Seqanswers Leaderboard Ad

Collapse

Announcement

Collapse
No announcement yet.
X
 
  • Filter
  • Time
  • Show
Clear All
new posts

  • Assembling .sff files from 454 and finishing

    Hi can anybody suggest good assembly programs, other than Newbler and MIRA, which can use .sff files directly as an input file, not fasta.

    Also, I have generated an .ace file from newbler which is not fully compatible with consed (I can open the file in consed but for some reason the contig number look different). Could anybody suggest good programs, which I can use to finish a 454 generated genome? something that will allow me to view the scaffolds and join or break where needed.
    I've tried consed and staden, any others would be greatly appreciated!!


    Thanks in advance!

    Raj

  • #2
    ...I was informed yesterday that the new version of consed (v18) should now be fully compatible with 454 data.
    Also, with proposed release of Gap5, this too should also resolve the incompatibility issues, many programs seem to have when trying to finish 454 generated data.

    Using MIRA and Newbler, seem to be the best methods for assembling 454 data, so that the pair end data can be fully taken advantage of.
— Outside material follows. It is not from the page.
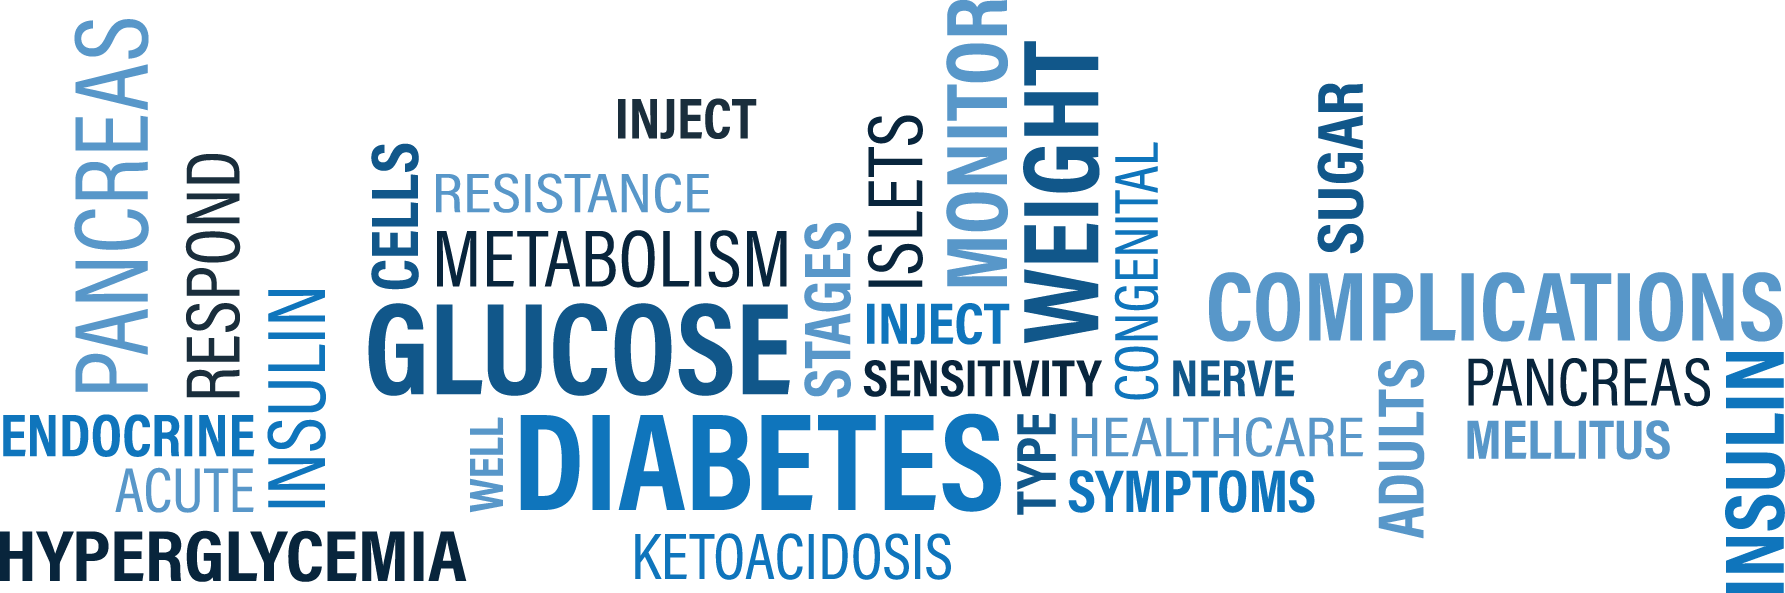 diabetes-awareness.png

    Finishing is still the bottleneck for which, i hope the new versions of Consed and Gap can resolve...

    Comment


    • #3
      yes, consed 18 is out for few weeks, you need update for phrap as well.
      I did not have any problems with installation (32-bit Fedora 10)

      anyway, it does not perform de novo assembly of 454 reads, right? however it reads Newbler .ssf files, and allows assemble 454 reads to the reference sequence.

      please correct me when I am wrong...

      Comment


      • #4
        .. and it can directly read newbler created ace files. So if you like newbler, no problem.
        Maybe it's a good starting point for finishing a (shotgun) project if there is no sanger
        backbone.

        A good alternative might be MIRA which writes a CAF file (which can be easily converted
        to gap4). But gap4 might slow down if you have a huge dataset ...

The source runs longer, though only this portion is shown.